Newcastle University will be forced to disclose licences governing its controversial experiments on primates after a tribunal ruled that they would not be exempt from freedom of information (FOI) requests.
The landmark decision by the information tribunal paves the way for other animal rights campaigners to challenge similar research universities to publicise details of their animal experiments.
The British Union for the Abolition of Vivisection (BUAV) first submitted an FOI request to the University of Newcastle in June 2008 but it was refused. The campaigners then demanded Newcastle release Home Office licences, which the institution said allowed them to conduct experiments on monkeys.
The tribunal noted on Tuesday the "strong public interest in animal welfare and transparency and accountability" in relation to animal experiments. The court also rejected claims from the university that disclosing the information would endanger its staff or prejudice commercial interests.

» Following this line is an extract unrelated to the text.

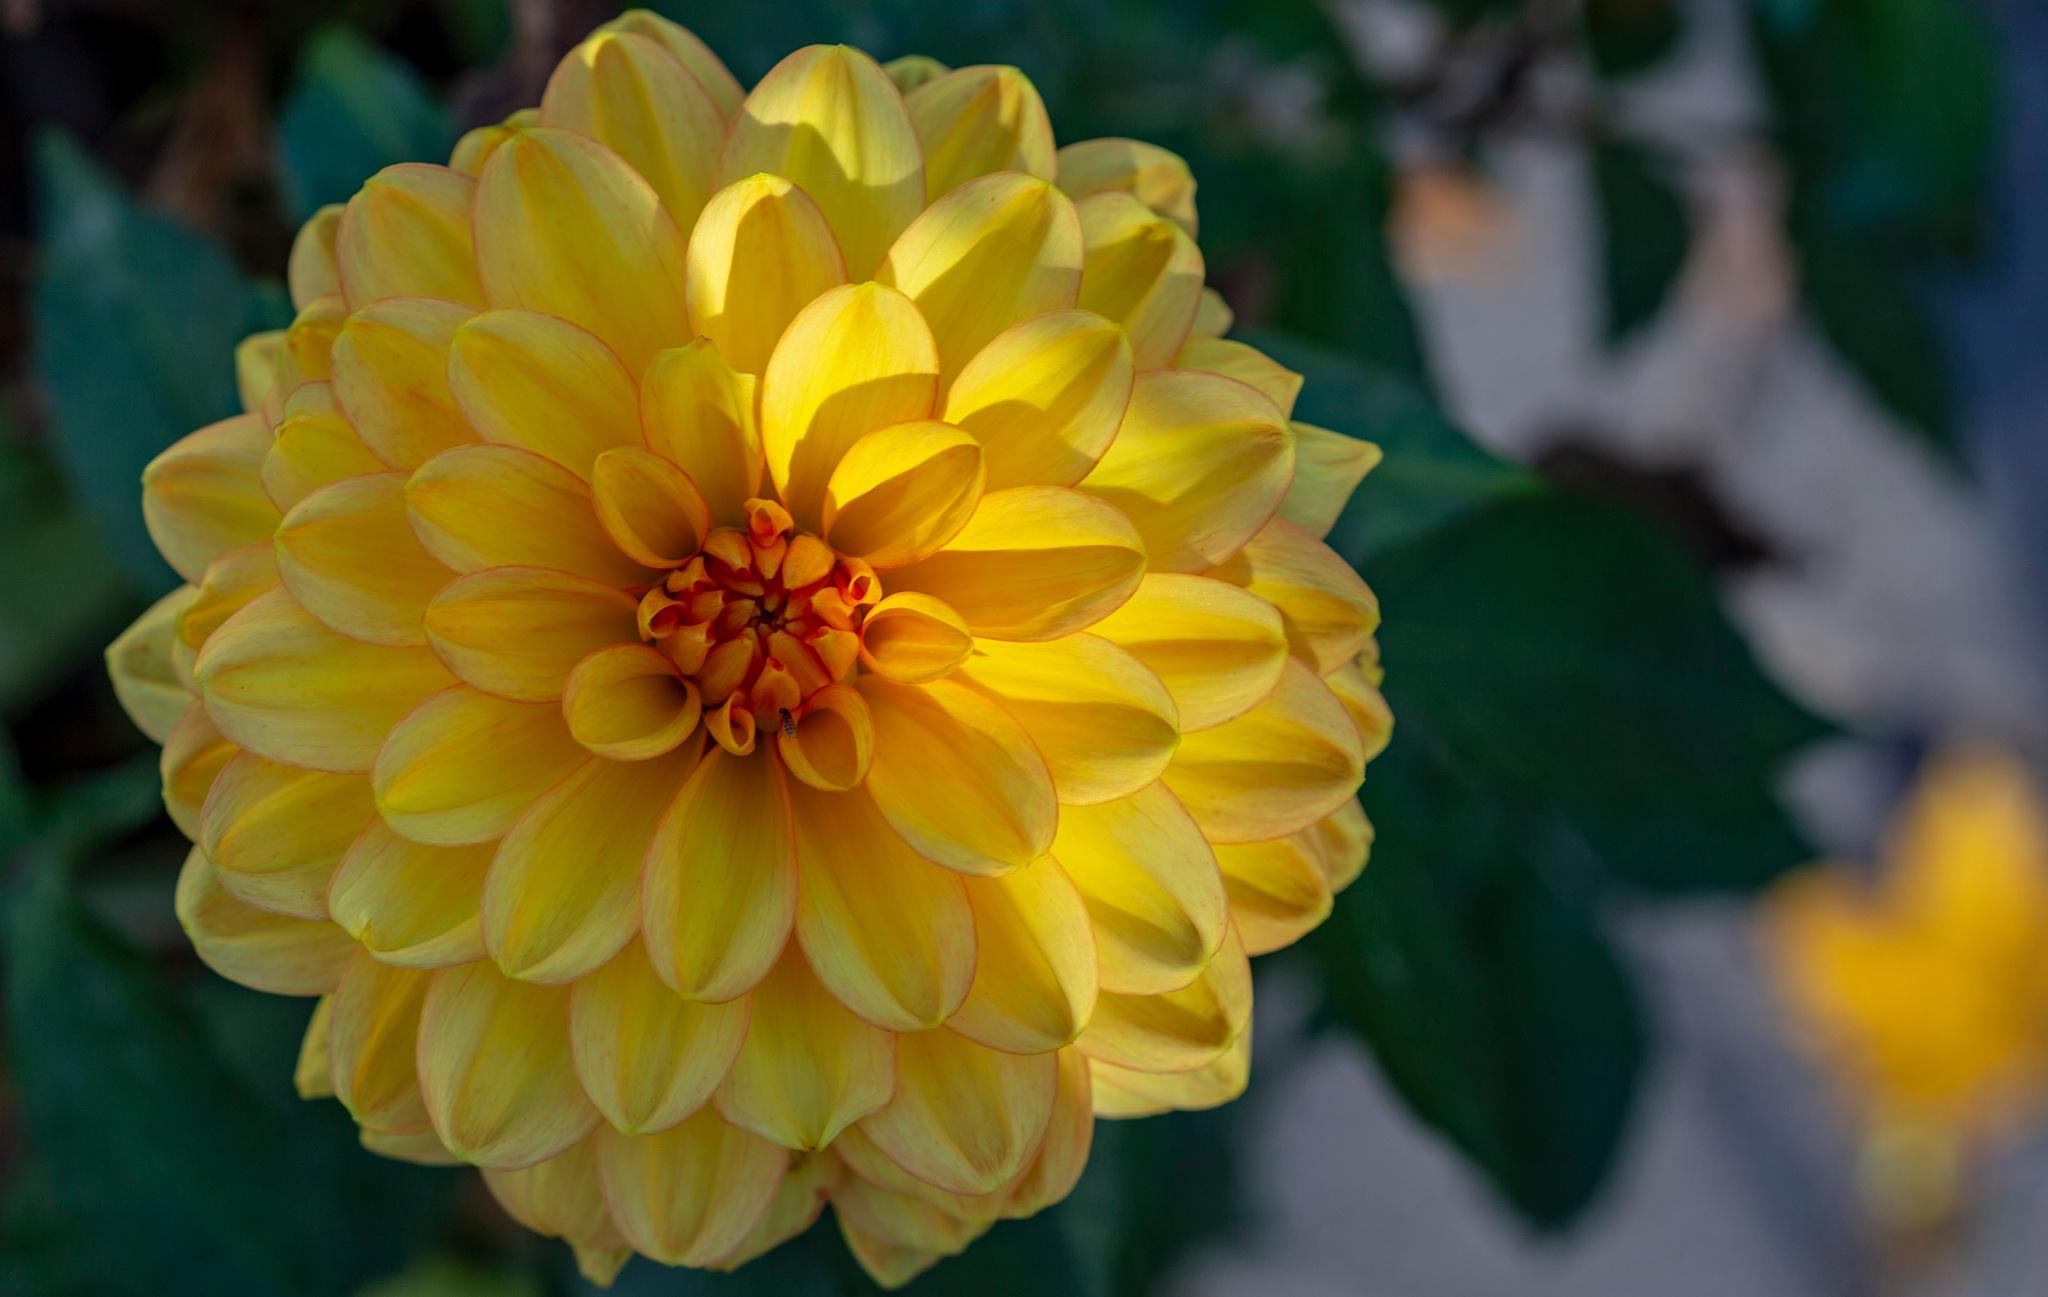 Still Blooming by carljan w carlsson

According to the BUAV, one of Newcastle's lead researchers had previously been refused permission to conduct similar primate experiments in Germany, as they were deemed "unethical". The university's current experiments have been discussed in three articles, but apparently do not identify any benefit for human health.

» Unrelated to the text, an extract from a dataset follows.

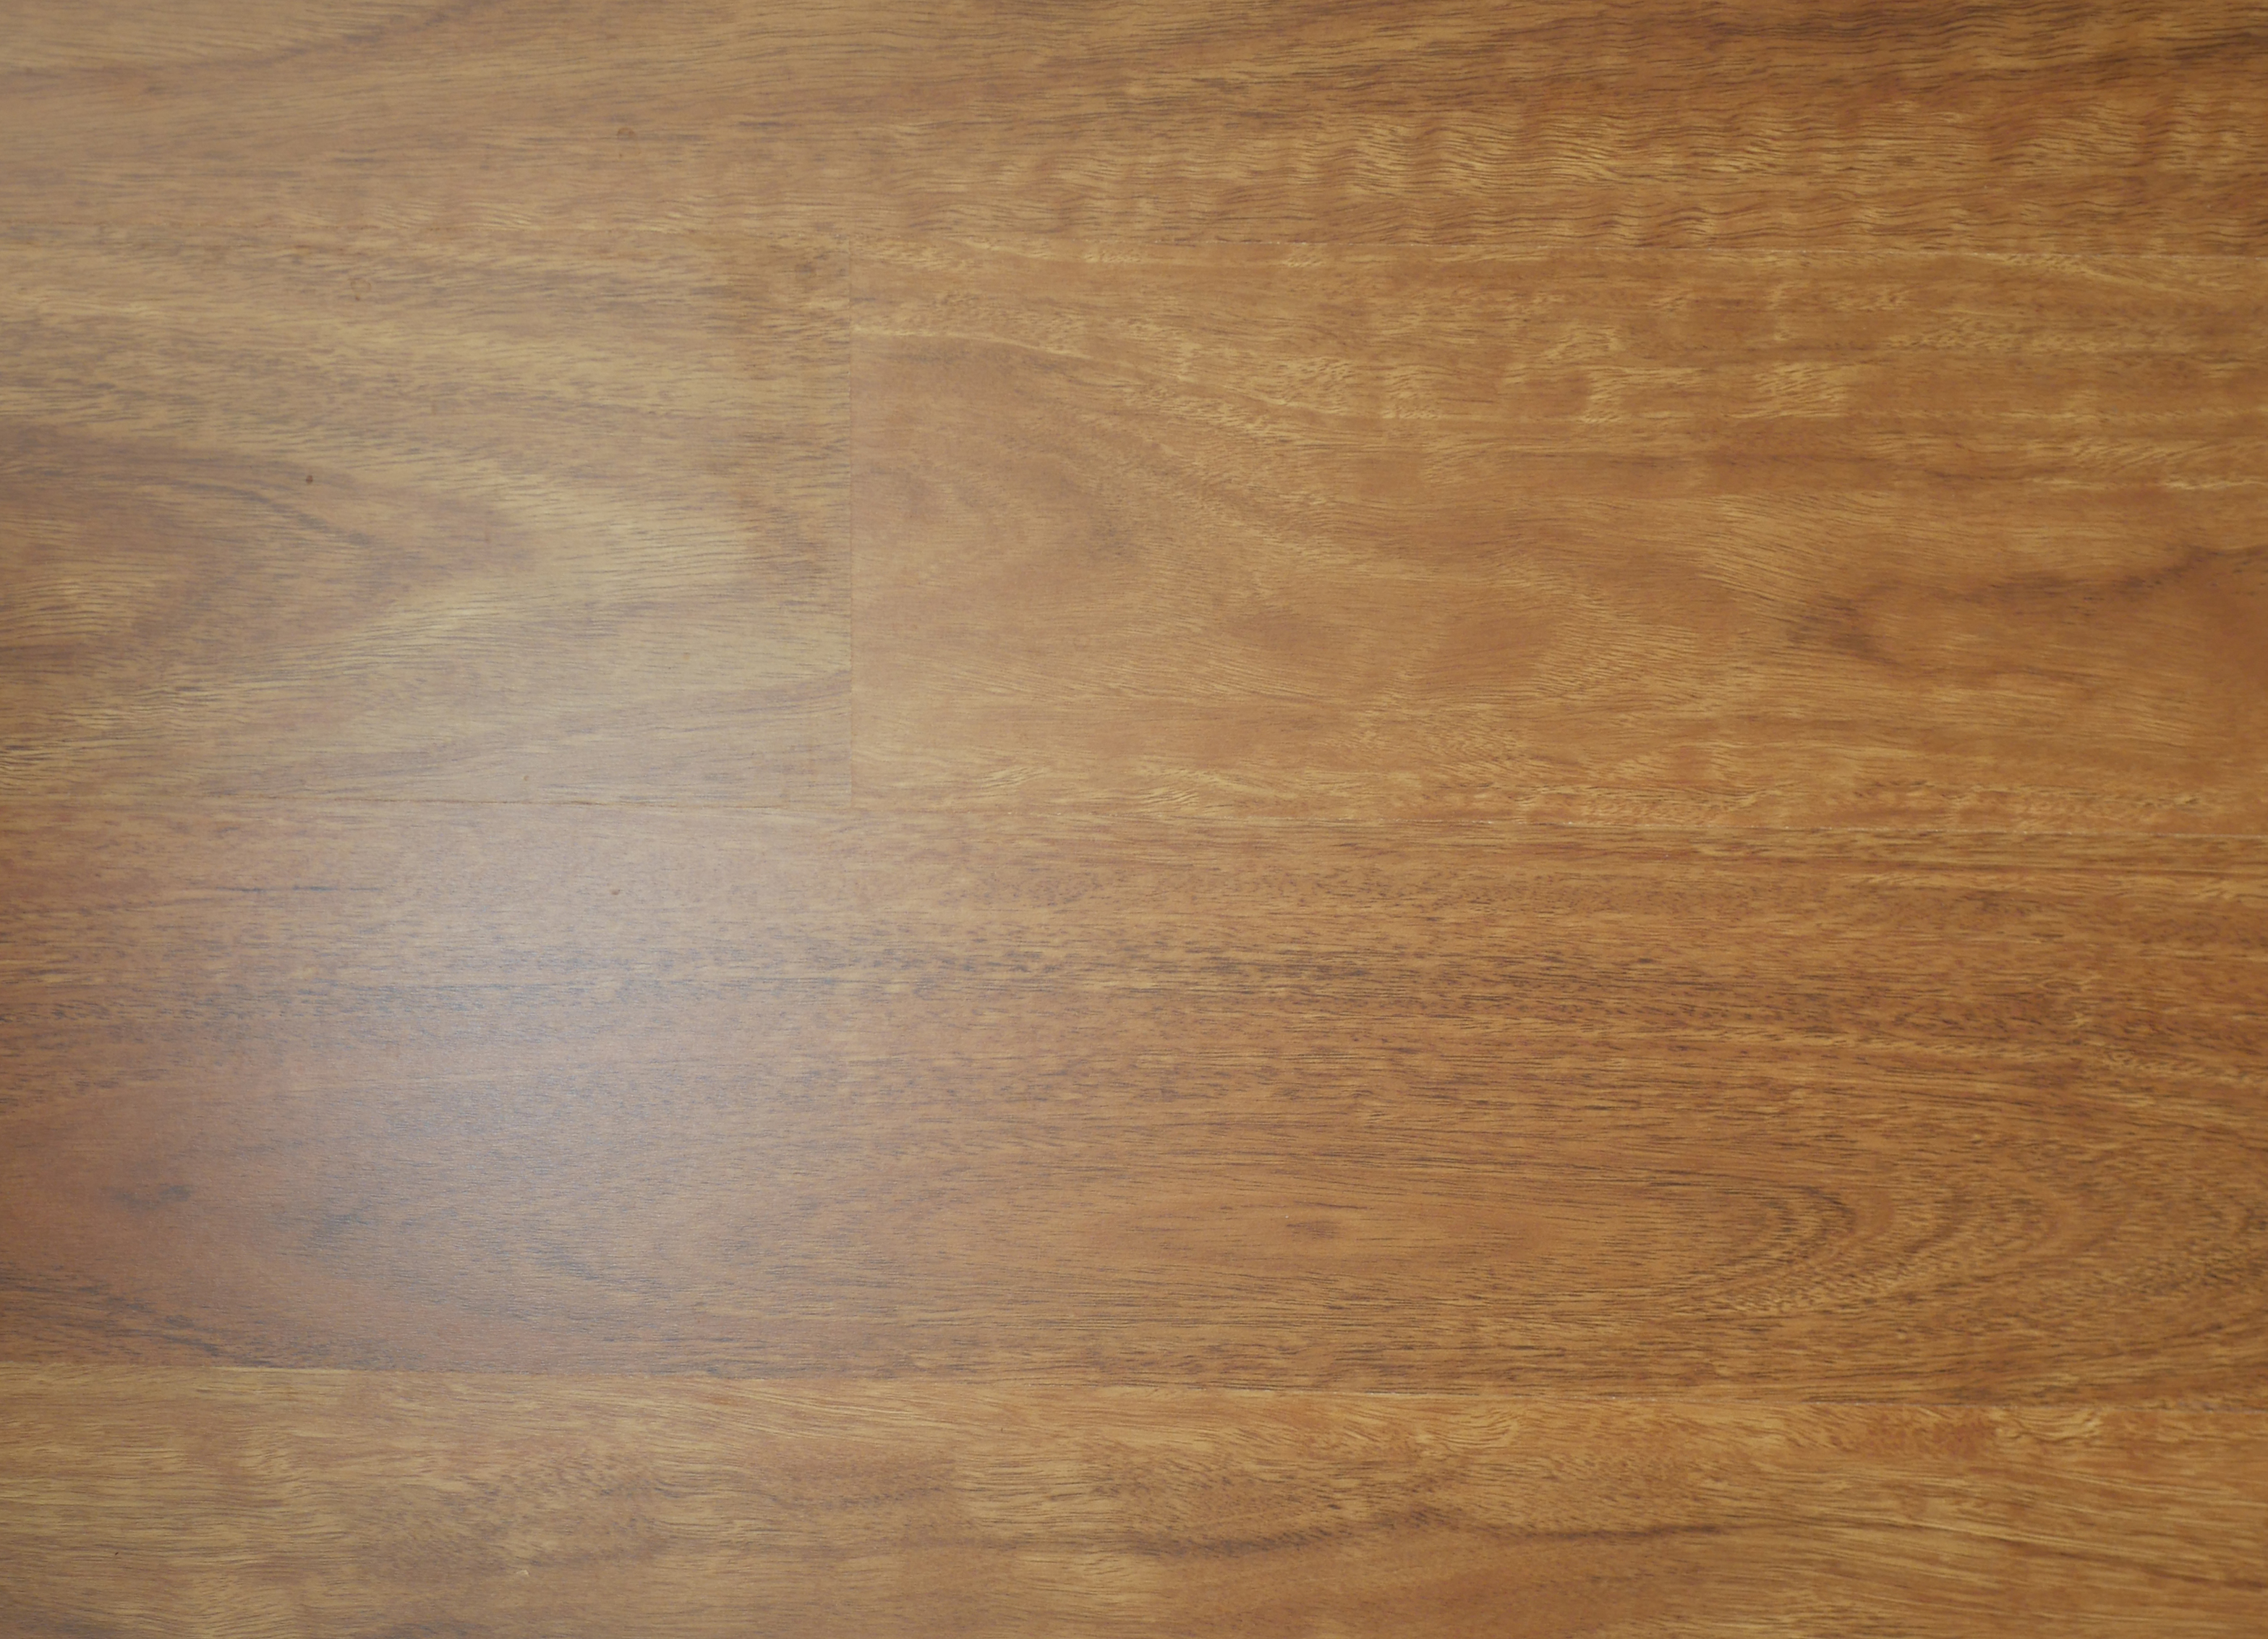 Sun Floors Imports- QSE- Spotted Gum

The BUAV have called the experiments "highly invasive" as they involve implanting electrodes into brains of macaques to record activity while repeatedly forcing them to undergo various tasks. The BUAV claim the monkeys were subjected to a "high level of distress" as they were forcibly restrained by the head and body.
The animals were also deprived water in order to motivate them to perform tasks, said the BUAV.

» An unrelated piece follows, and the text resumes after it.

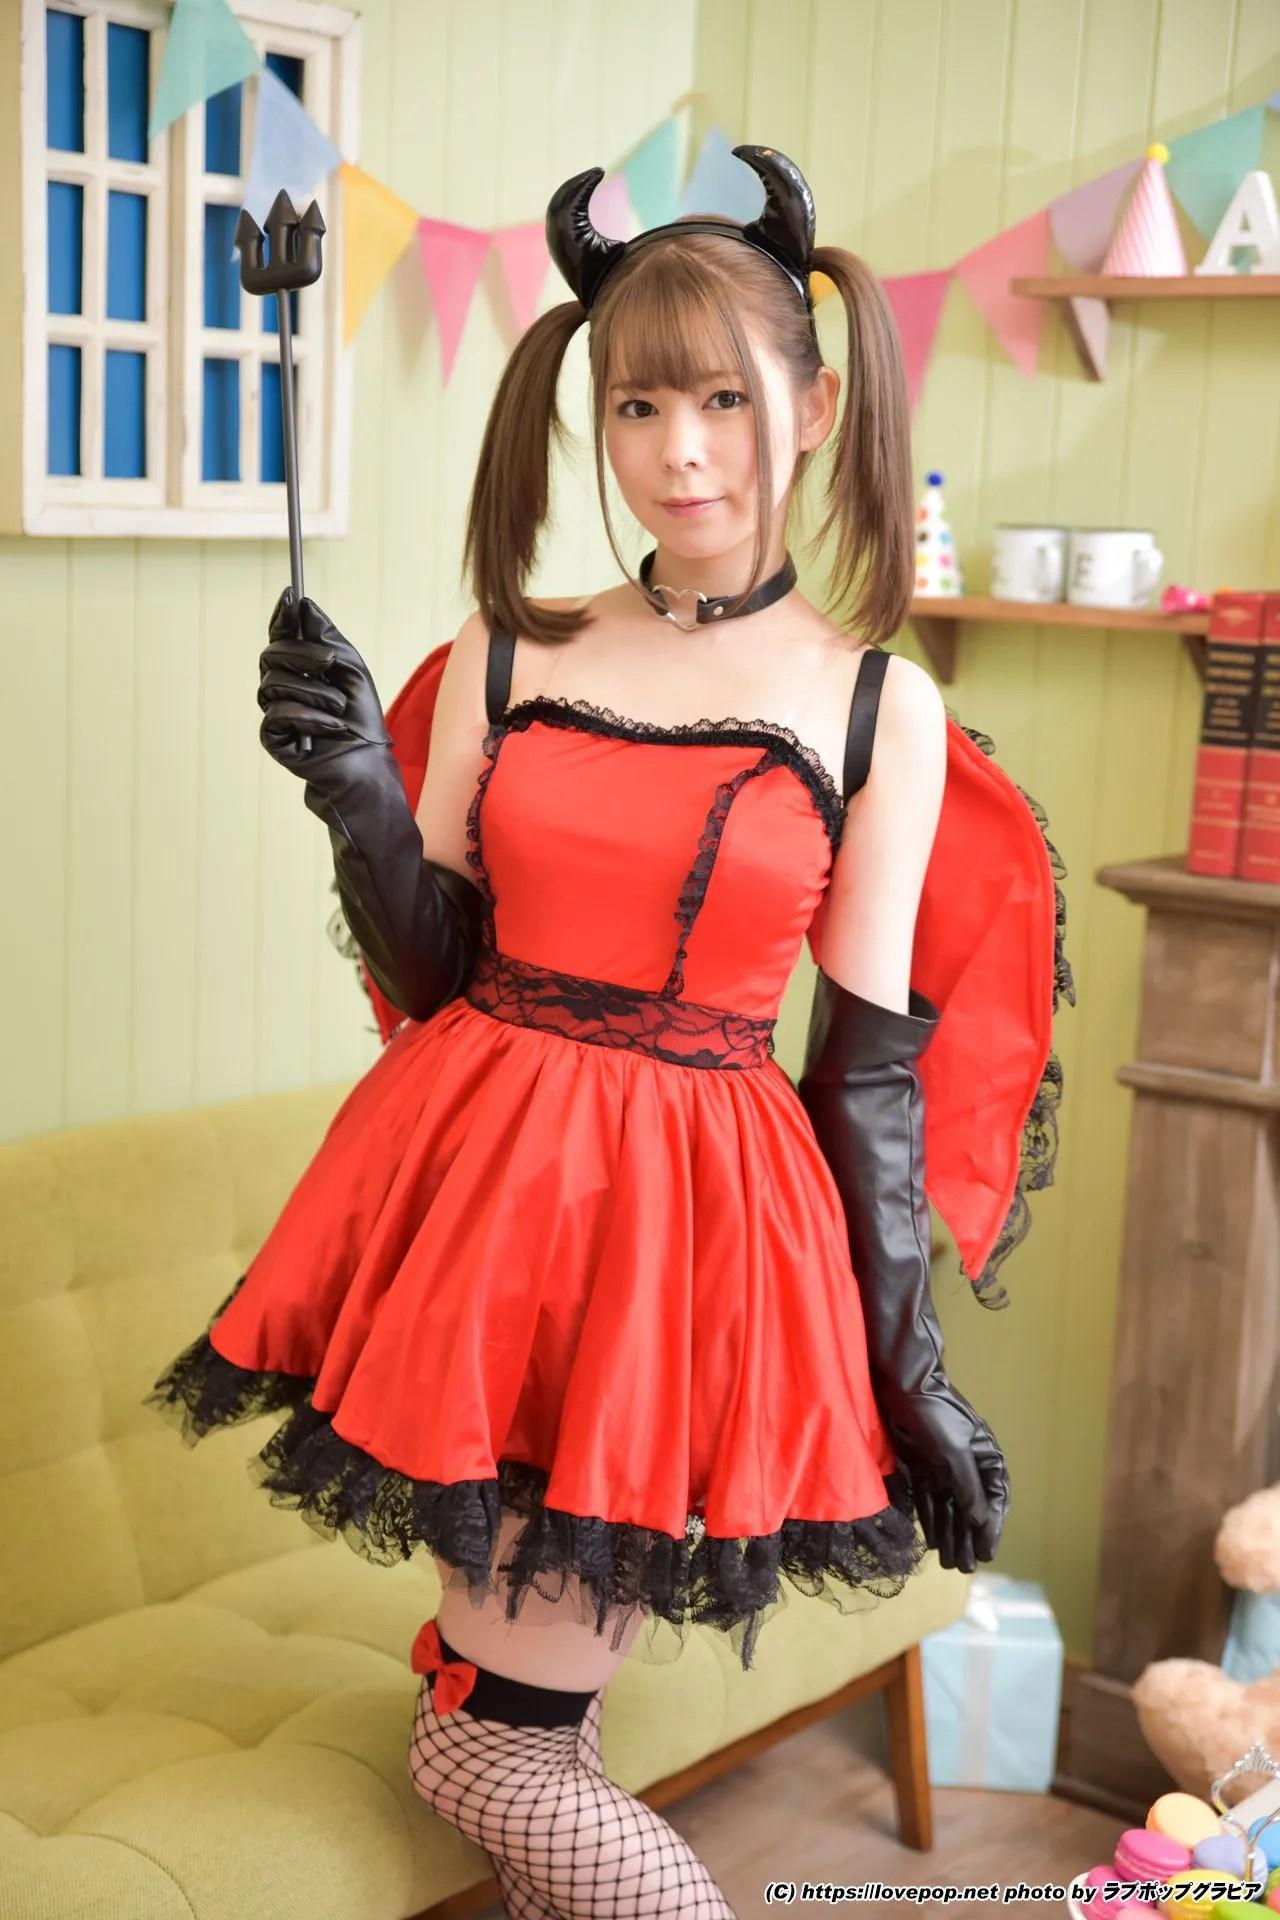 [LOVEPOP] Ren Aragaki 新垣恋 Photoset 01 写真集[55P]插图(1)

Michelle Thew, BUAV Chief Executive, said the organisation was "delighted" with the ruling.
"Once again the courts have dismissed Newcastle's attempts to hide the truth about its animal experiments. For well over three years, Newcastle University has tried every which way to avoid providing us with information.
"These are highly controversial and invasive experiments carried out on monkeys at a public institution. The public has a right to know what is happening to these poor animals and why."
The university refuted the campaigning group's claims that they will be forced to hand over the licences, saying the decision was yet to be finalised.
A spokesperson for the institution said: "The first tier tribunal has confirmed that the University should not release the full project licenses as requested by BUAV."
Newcastle University added a separate Court of Appeal would rule on whether the licenses could be released at all and cited the Animal Scientific Procedures Act (ASPA), which say it is an offence to do so.
But a spokesperson for BUAV told the Huffington Post UK the statement was "misleading".
"It is not the case that it would be a criminal offence under ASPA to release the licences. That is the very question which the Court of Appeal will be deciding."
The animal rights organisation claims it is possible to carry out the same studies using non-invasive imaging machines and adds it is a "fundamental principle" of UK legislation that animals should not be used where non-animal methods can provide the desired information.
But Newcastle continued to defend its research, saying: "The University carries out a small amount of scientific work on primates where no alternative for the research exists and this is fully regulated by the Home Office.
"Indeed, Newcastle University is recognised as a national Centre for the '3Rs' of animal research: reduction, replacement and refinement."
In its policy on the use of animals in research, the university states: "Newcastle University only uses animals in research programmes which are of the highest quality and where there are no alternatives.
"While new methods have enabled scientists and medical researchers to reduce work involving animals, some work must continue for further fundamental advances to be made."
But BUAV argues that "aside from the ethical issues and lack of benefit to human health", the primates used in the experiments can be replaced with human volunteers.
"Hiding behind government regulation is not acceptable", a spokesperson from the organisation added.